March 25, 2015 at 11:53pm
March 25, 2015 at 11:53pm
#844958
         I'm not a natural when it comes to music. I can't sightread. I learned to play a wind instrument, not a piano; so I can only read one line of notes at a time, in fact, one note at a time. A pianist can see a whole chord over two staffs at one time. I can't. I don't have perfect pitch. Tell me to sing middle C and I probably won't come close.

         But I like to sing. I learn the notes in solitary, with a keyboard, or a piano if I can find one. I pick out the notes, not in rhythm because I'm not fast enough. I learn what note to go to, then I work out the rhythm, and try to connect it to words. It's hard work, actually. Then I still have to practice with the group, and not be overwhelmed by the other parts.

         And over so quickly. Once you learn it, if you do a performance, it's over and gone. But somehow it's so worth the effort. Otherwise, why would so many people work at it? It's not just the performance, the success, or just getting through it. It's the process, the struggle, the getting there.
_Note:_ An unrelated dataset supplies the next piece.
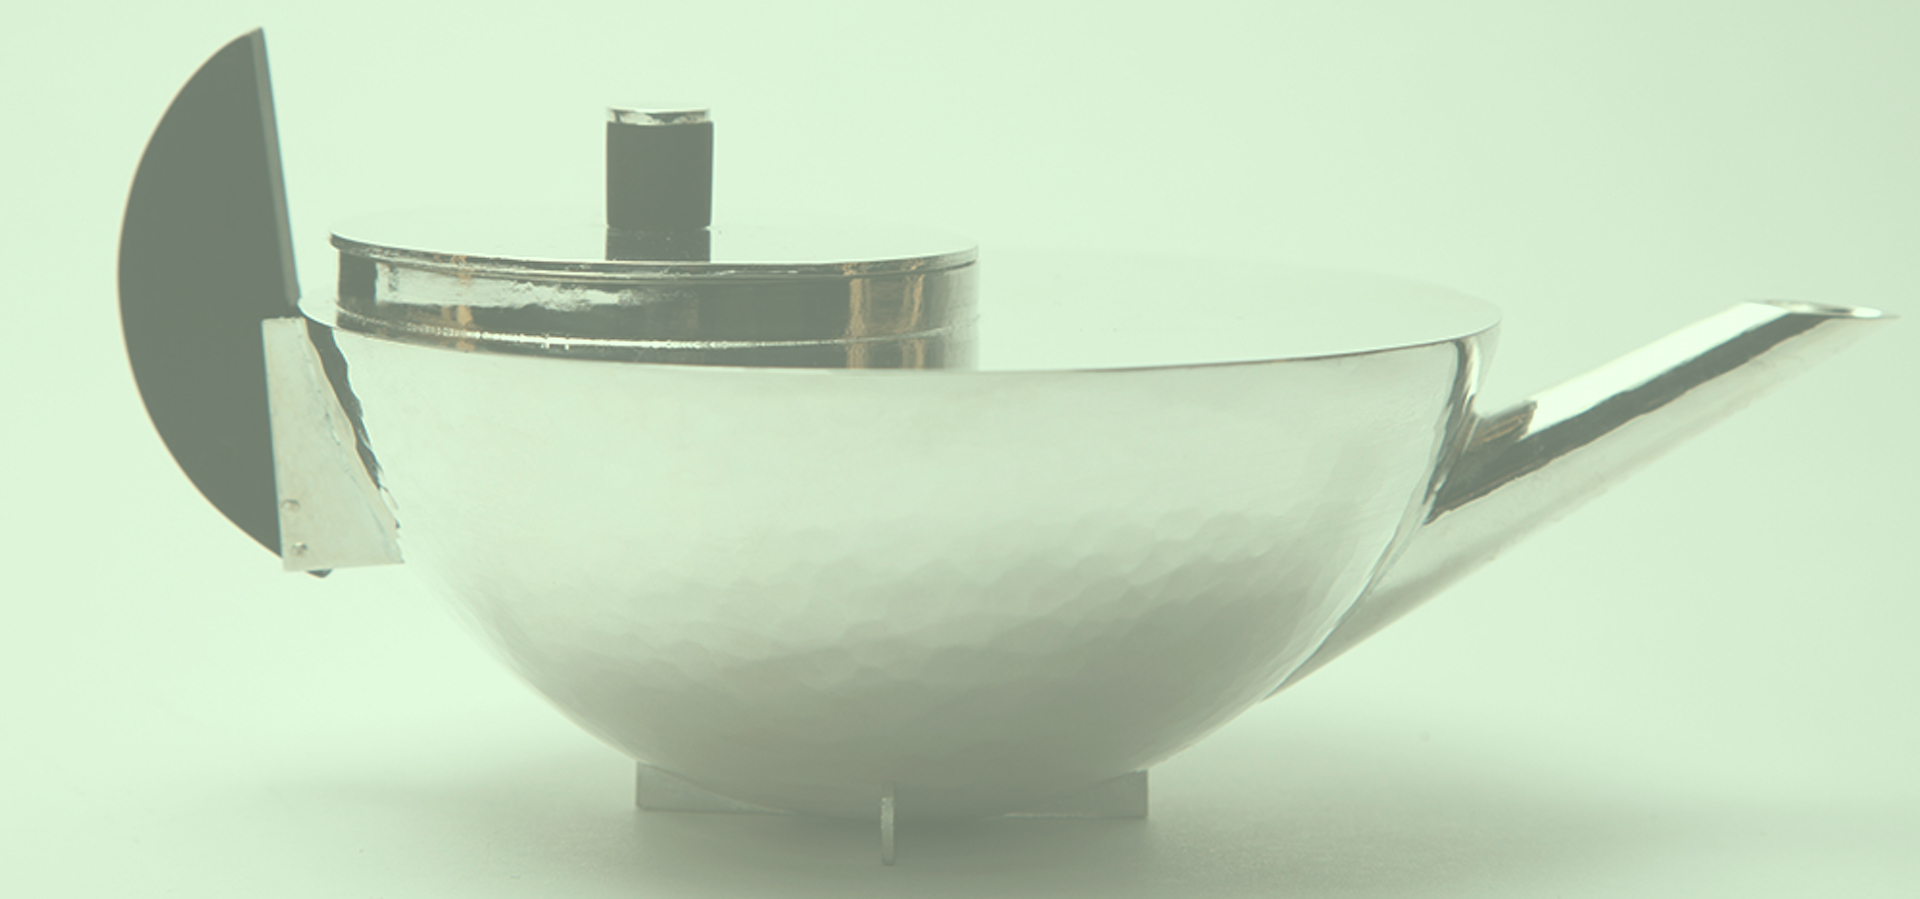 Tea pot by Marianna Brandt. The Bauhaus school brought deicsions around product choices into a space that queried multiple sources, business, art, materials, mathematics etc. It was the start of a good thing and I'd like to try and get back to some of those positives

         I like the discipline. You have one individual following the rules-the written music-and following directions, "softly", "crescendo", etc.You have a group, working together, following a director, breathing together, blending their voices or their instruments. In a band or a choir, you must have team work. The discipline, the uniqueness, the teamwork all come together to make something beautiful.